Jurisprudência - Direito Penal

Decisão monocrática. Estupro. Prescrição da pretensão punitiva retroativa. Extinção da punibilidade. Preliminar acusatória. Mérito prejudicado. (Apelação Crime Nº 70024169435, Quinta Câmara Criminal, Tribunal de Justiça do RS, Relator: Amilton Bueno de Carvalho, Julgado em 04/06/2008)

DENÚNCIA. FURTO. O não recebimento da exordial equivale a um julgamento antecipado da lide penal, somente podendo acontecer quando inexistirem indícios da autoria ou prova da materialidade ou se a inicial não descrever conduta caracterizadora de crime em tese ou na total impossibilidade da pretensão punitiva. Apelo ministerial provido. (Apelação Crime Nº 70023876212, Quarta Câmara Criminal, Tribunal de Justiça do RS, Relator: Constantino Lisbôa de Azevedo, Julgado em 05/06/2008)

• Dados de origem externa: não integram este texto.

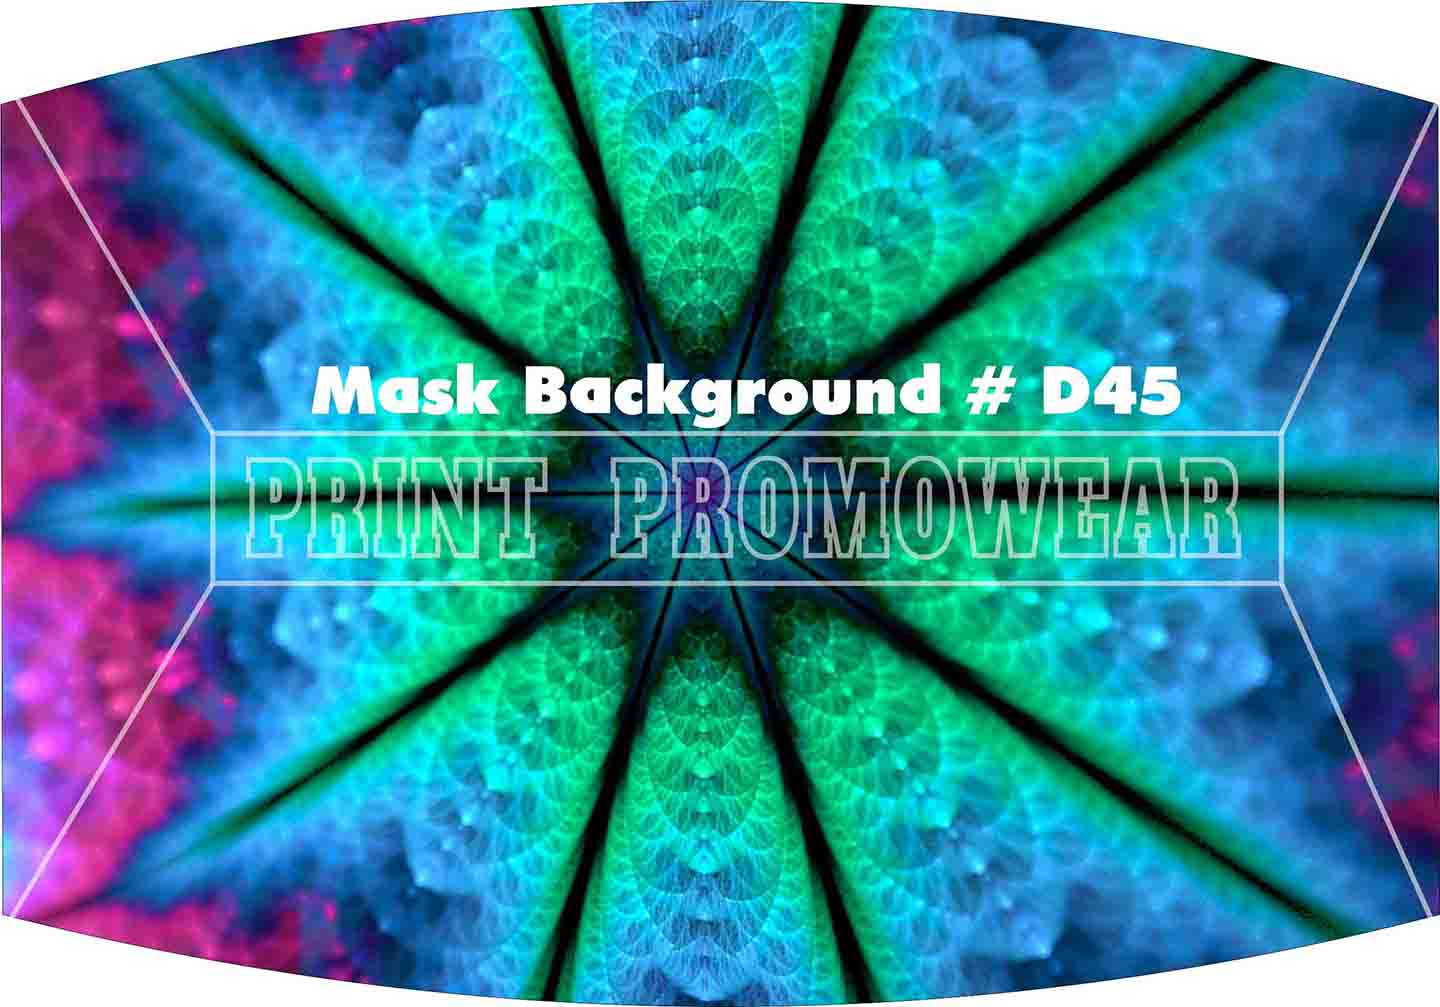 Image/MaskBackground/d45.jpg

HABEAS CORPUS. PORTE ILEGAL DE ARMA. LIBERDADE PROVISÓRIA. Concederam a ordem, confirmando a decisão que havia deferido a antecipação de tutela. (Habeas Corpus Nº 70024249716, Terceira Câmara Criminal, Tribunal de Justiça do RS, Relator: Vladimir Giacomuzzi, Julgado em 05/06/2008)

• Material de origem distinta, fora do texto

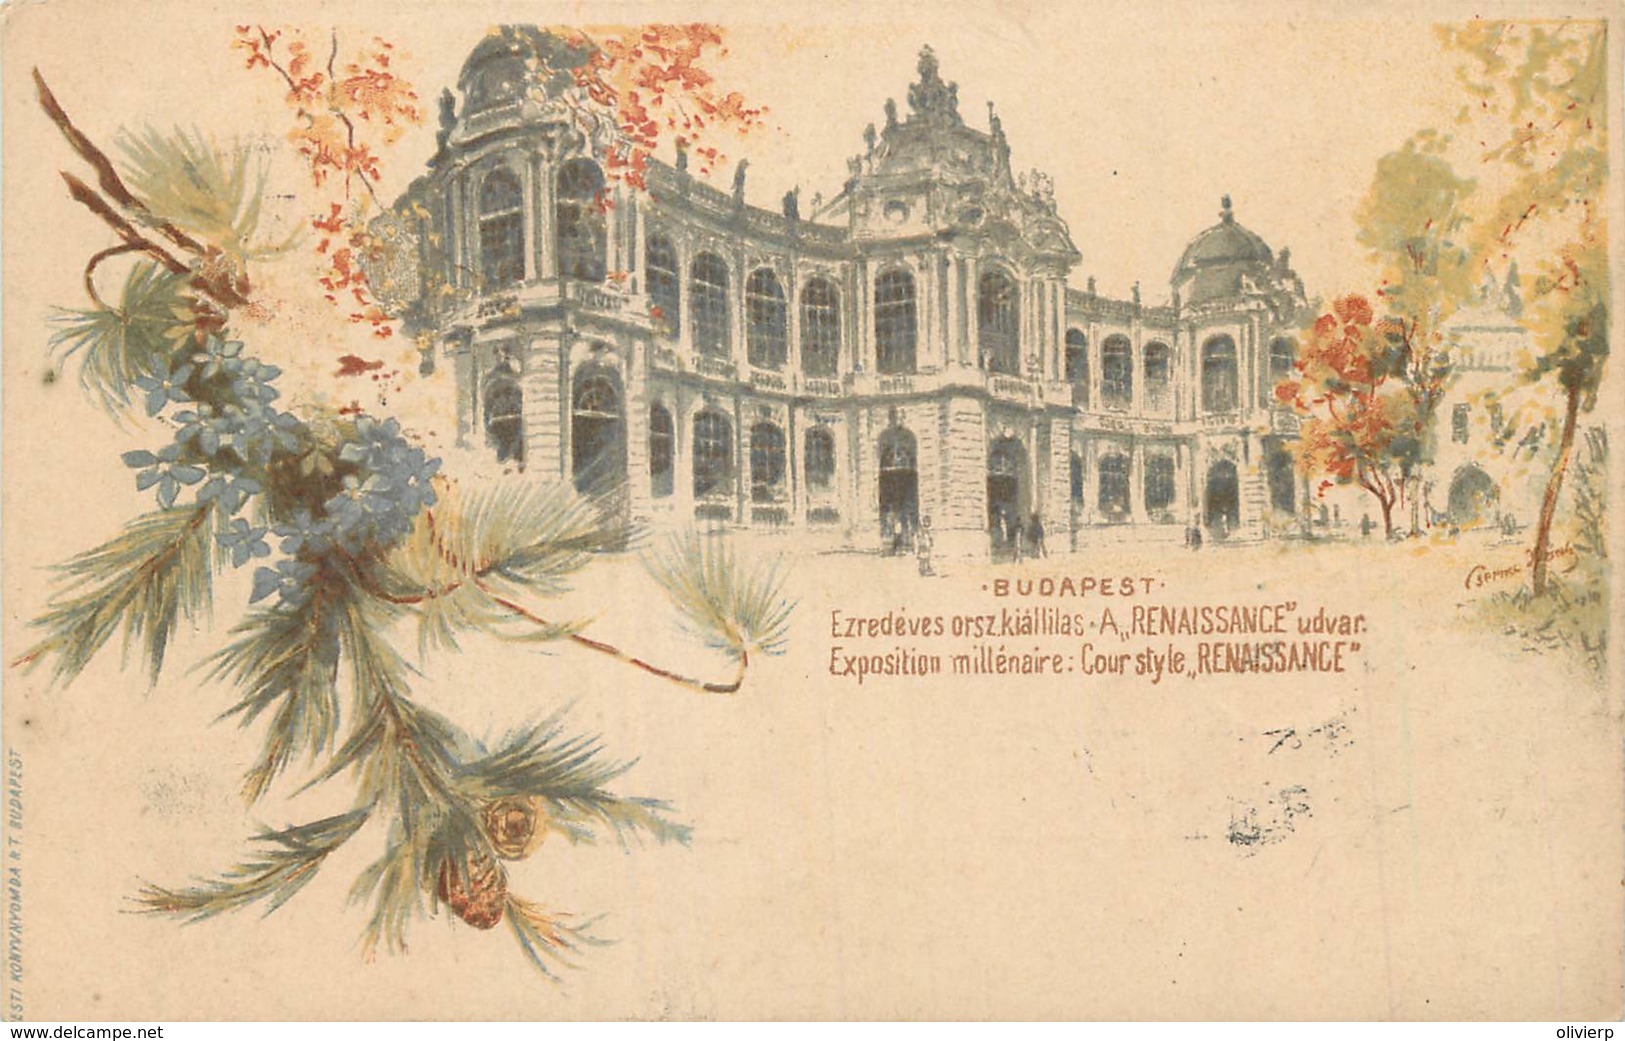 Hongrie - Type Gruss Aus - Budapest - Exposition Millénaire - Cour Style Renaissance - Hungary

PROTECAO DO MEIO AMBIENTE. LICENCA PARA OBRA. COMPETENCIA CONCORRENTE. INEXISTENCIA DE DIREITO LIQUIDO E CERTO. Apelação. Mandado de Segurança. Licença ambiental para obras. Ausência de prova pré-constituída da desnecessidade. Exigência da FEEMA - inexistência de "direito líquido e certo" ao desatendimento. Competência concorrente. Artigo 23, VI, Constituição Federal. Desprovimento do recurso. Não trazendo a impetrante prova pré-constituída de que a atividade a desenvolver no imóvel que constrói não é potencialmente poluidora, não há que cogitar da possibilidade da efetivação da obra hospitalar sem a obtenção das licenças ambientais exigíveis na espécie. A competência para proteção ao meio ambiente e combate à poluição é cumulativa (art. 23, VI,C.F.), de onde a legitimidade dos Estados-membros para legislar a respeito e validade dos atos administrativos que impõem o cumprimento de tais normas, inexistindo direito líquido e certo ao desatendimento de exigências da FEEMA, pertinente à matéria. Recurso desprovido. (TJRJ. AC - 2006.050.06428. JULGADO EM 19/04/2007. OITAVA CAMARA CRIMINAL - Unanime. RELATORA: DESEMBARGADORA MARIA ZELIA PROCOPIO DA SILVA)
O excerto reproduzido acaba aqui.